Information shown: Begin
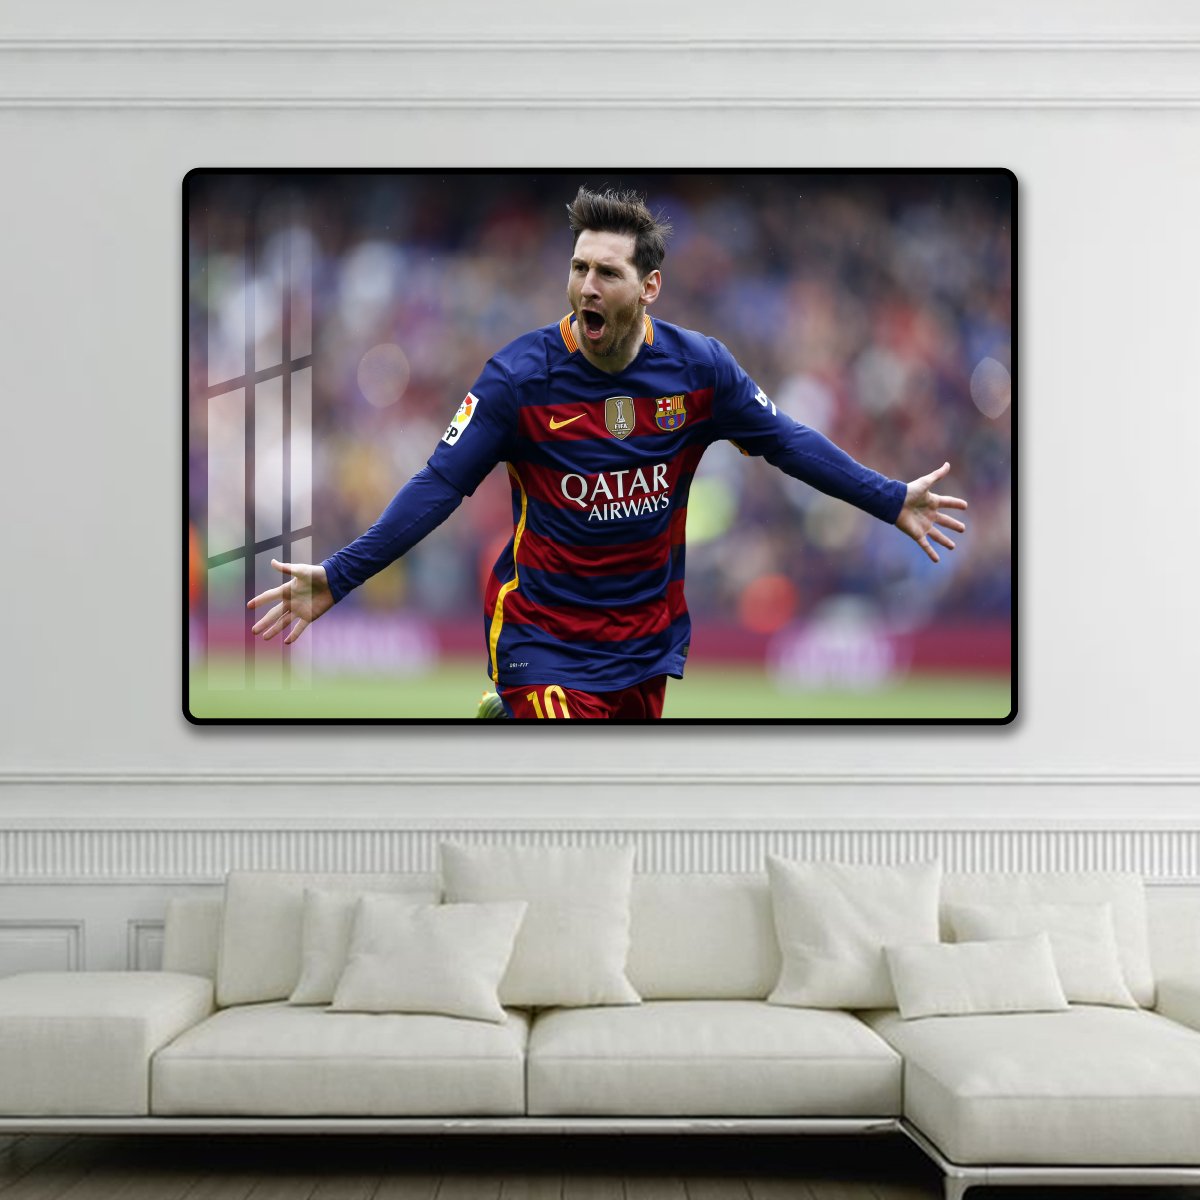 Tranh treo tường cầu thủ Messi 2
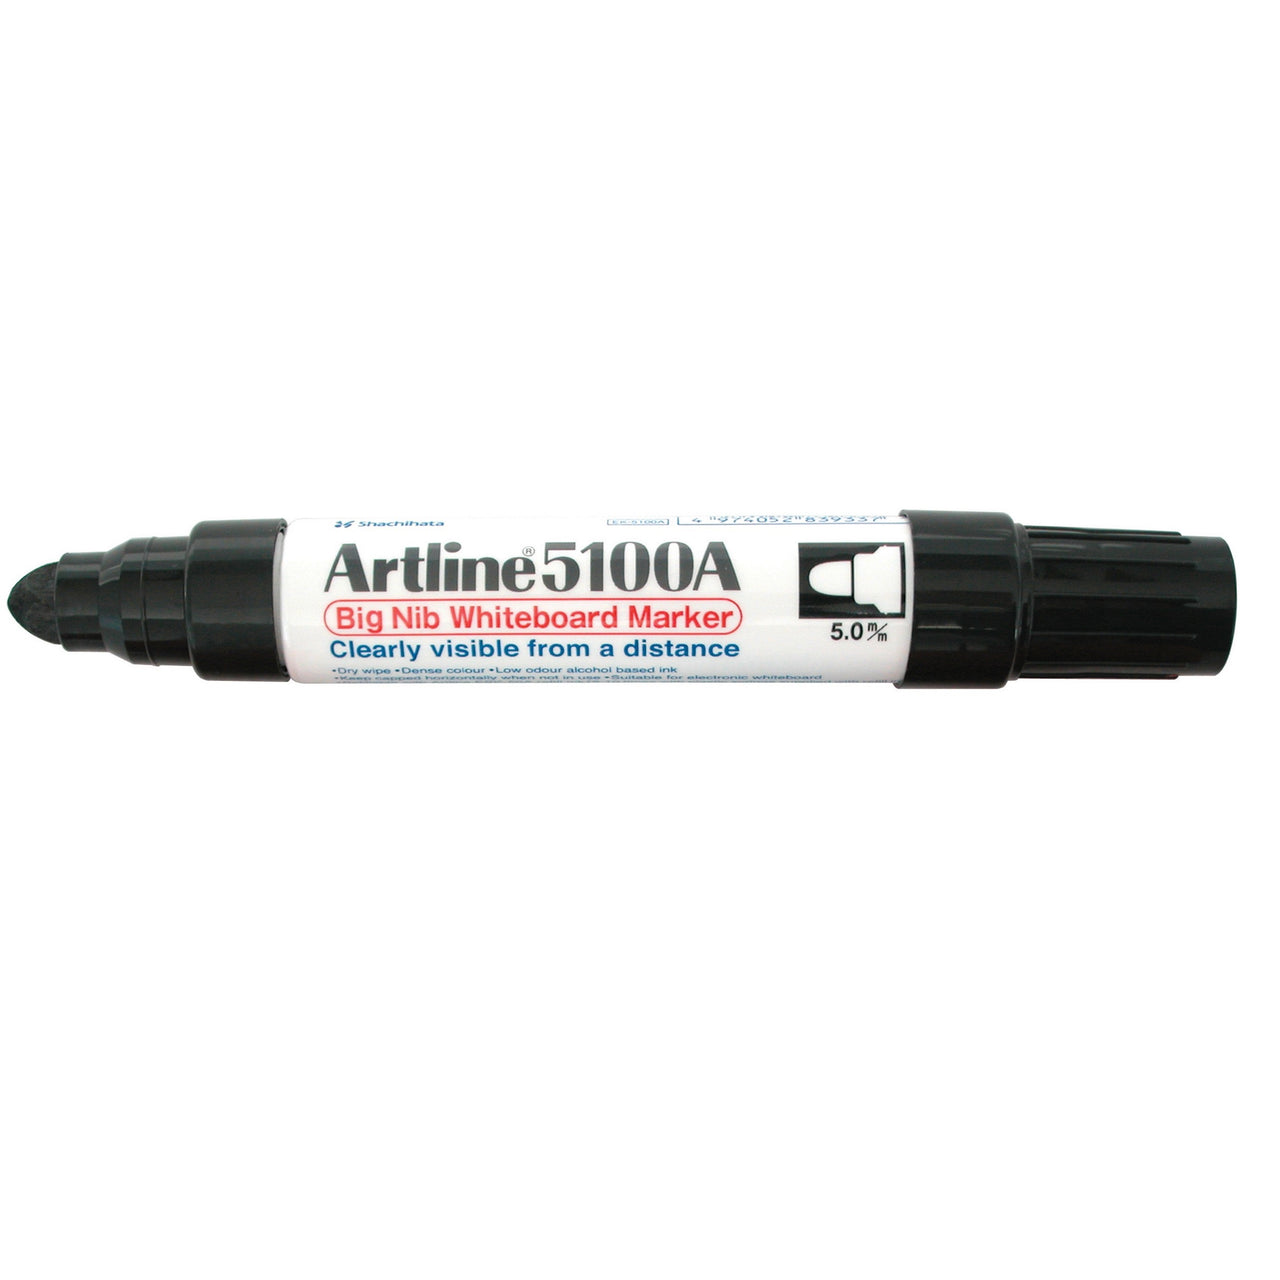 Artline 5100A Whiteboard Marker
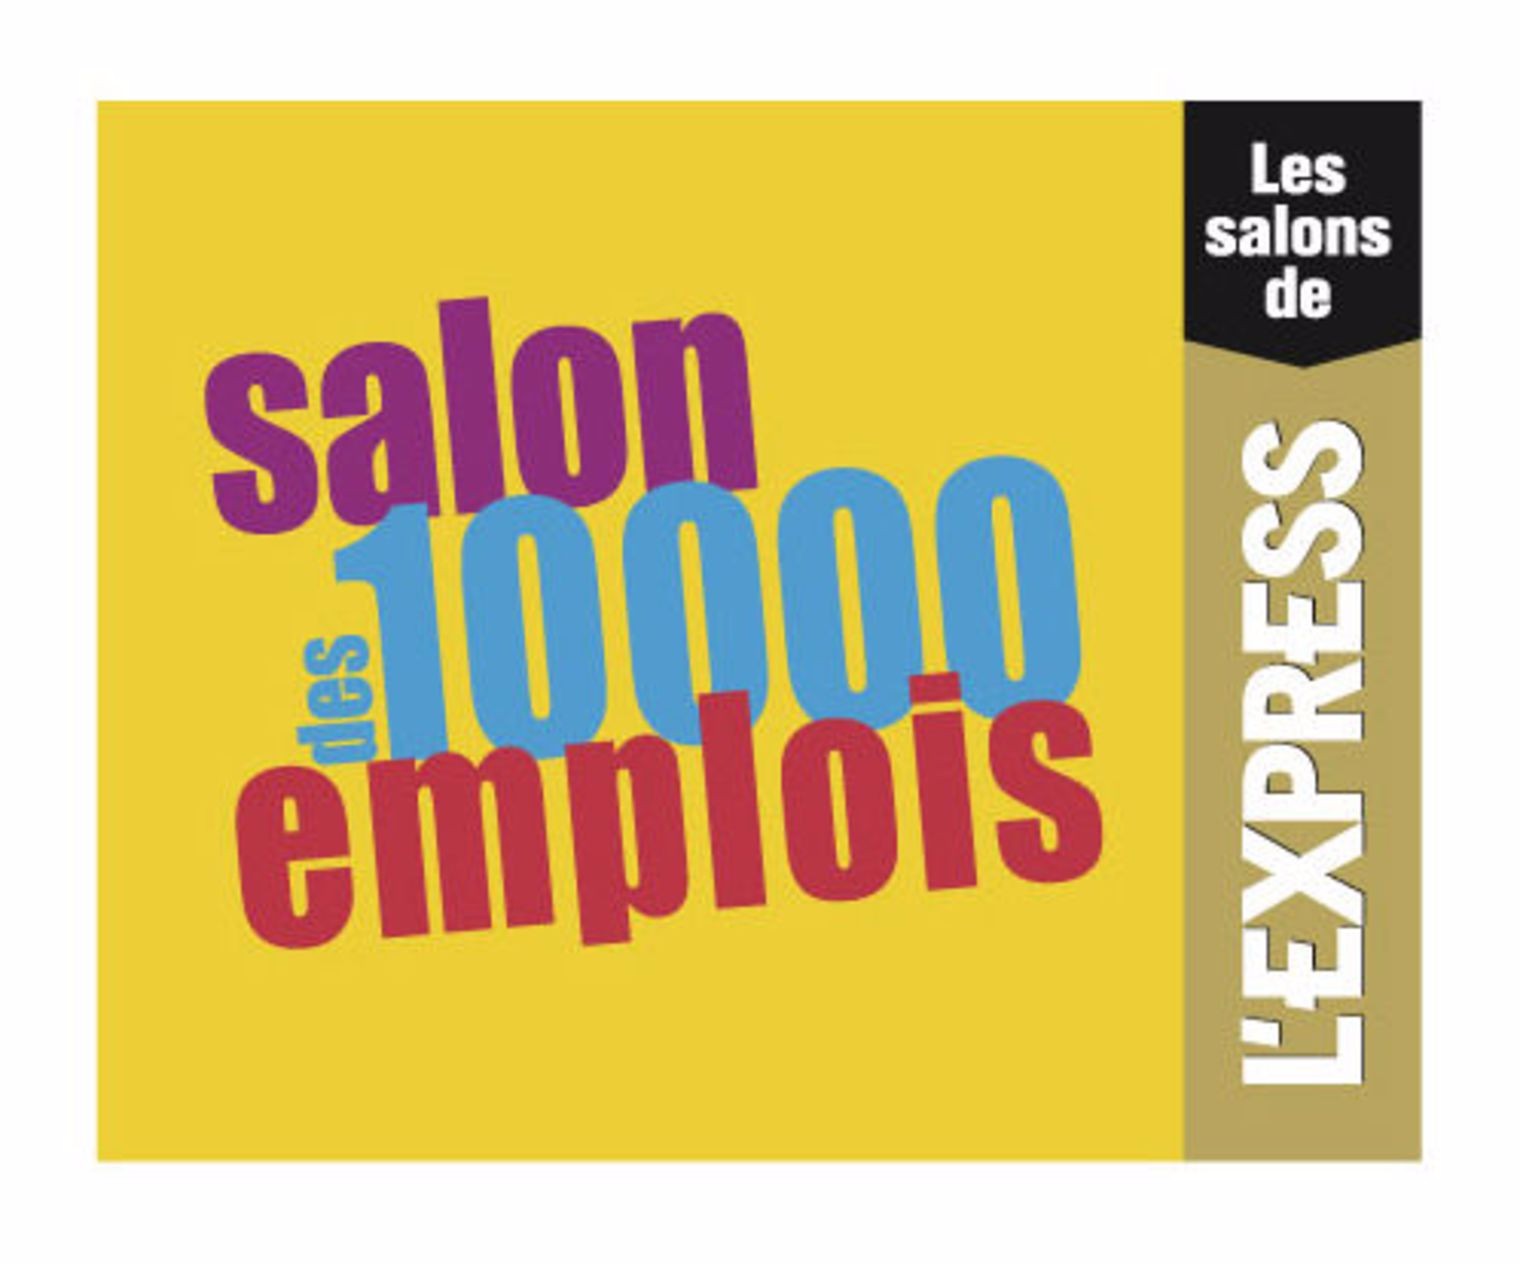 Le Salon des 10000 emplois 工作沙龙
Information shown: End
• **Task details**: All of the data should be returned word for word, with each picture left out.

• **Task output**:
 Tranh treo tường cầu thủ Messi 2
 Artline 5100A Whiteboard Marker
 Le Salon des 10000 emplois 工作沙龙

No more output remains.